ABSTRACT

In Table 6.1 a small set of data appears giving the average vocabulary size of children at various ages. Is it possible (or indeed sensible) to try to use these data to construct a model for predicting the vocabulary size of children older than 6, and how should we go about it? Such questions serve to introduce one of the most widely used of statistical techniques, regression analysis. (It has to be admitted that the method is also often misused.) In very general terms, regression analysis involves the development and use of statistical techniques designed to reflect the way in which variation in an observed random variable changes with changing circumstances. More specifically, the aim of a regression analysis is to derive an equation relating a dependent and an explanatory variable, or, more commonly, several explanatory variables.
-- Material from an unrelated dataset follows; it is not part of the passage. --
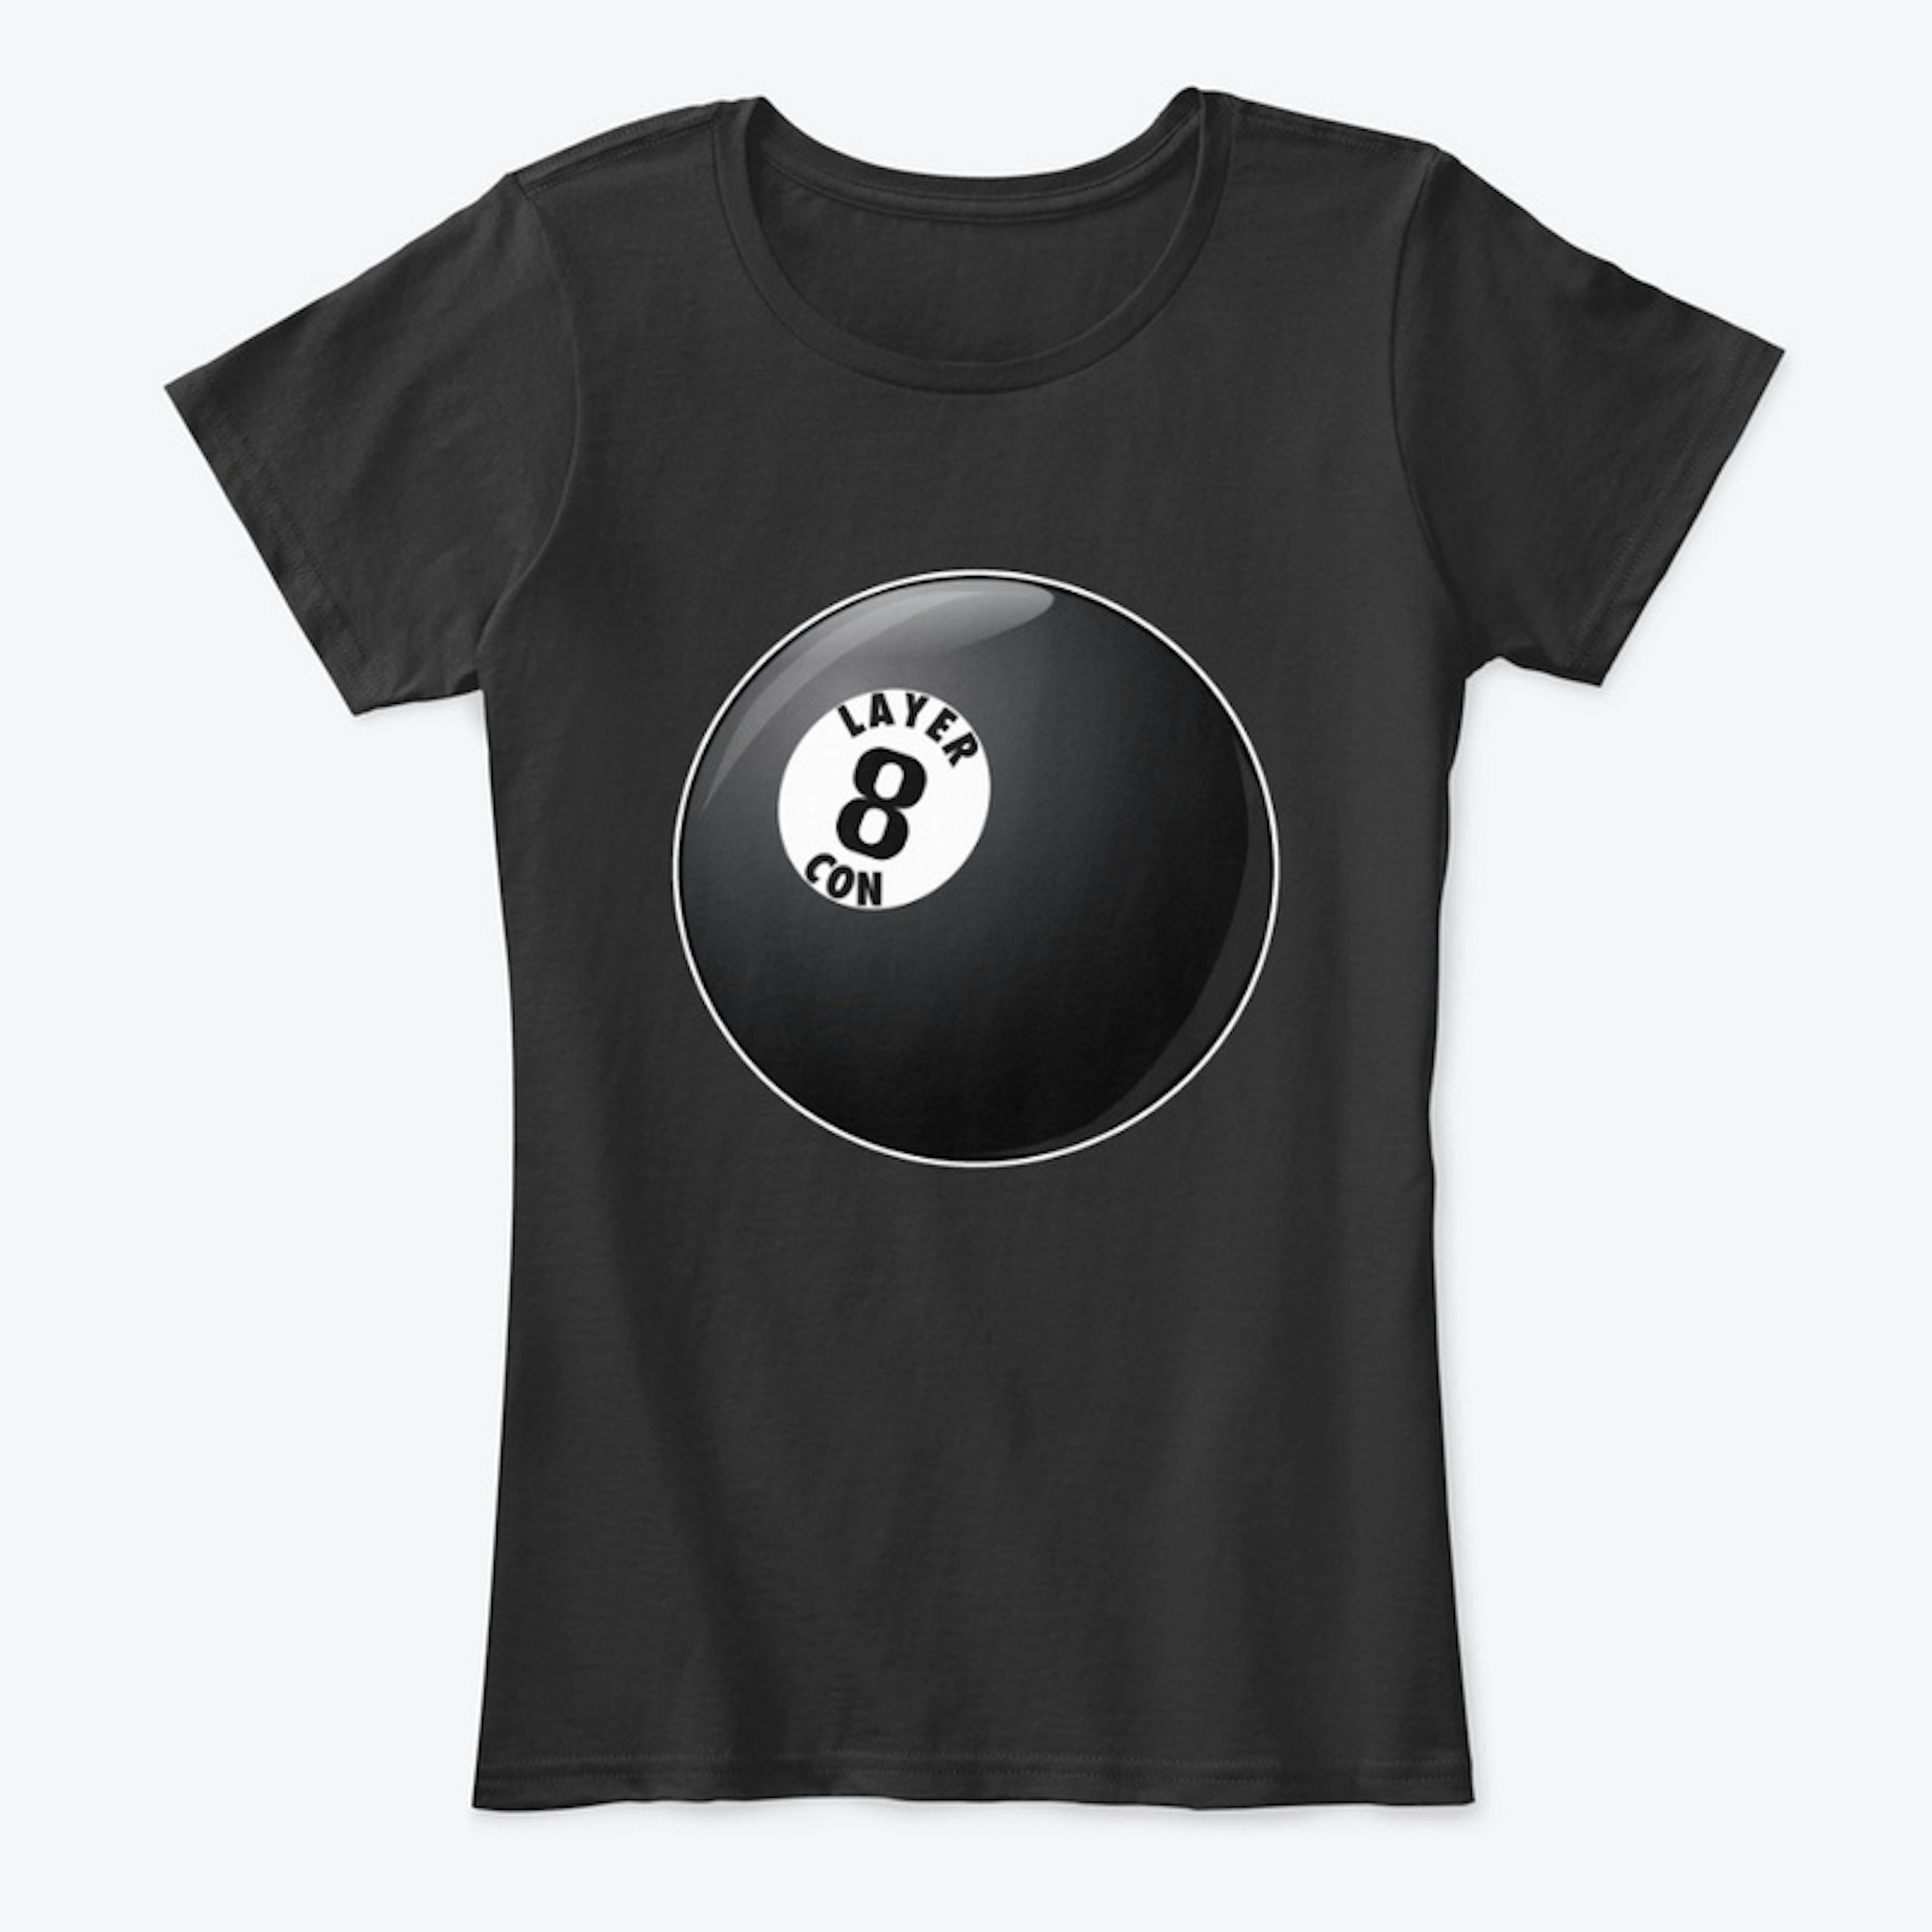 Women's Comfort T-Shirt - 8 Ball

The derived equation may sometimes be used solely for prediction, but more often its primary purpose is as a way of establishing the relative importance of the explanatory variable(s) in determining the response variable, that is, in establishing a useful model to describe the data. (Incidentally, the term regression was first introduced by Galton in the 19th Century to characterize a tendency toward mediocrity, that is, more average, observed in the offspring of parents.) The Average Oral Vocabulary Size of Children at Various Ages

Age (Years)

Number of Words

1.0

3

1.5

22

2.0

272

2.5

446

3.0

896

3.5

1222

4.0

1540

4.5

1870

5.0

2072

6.0

2562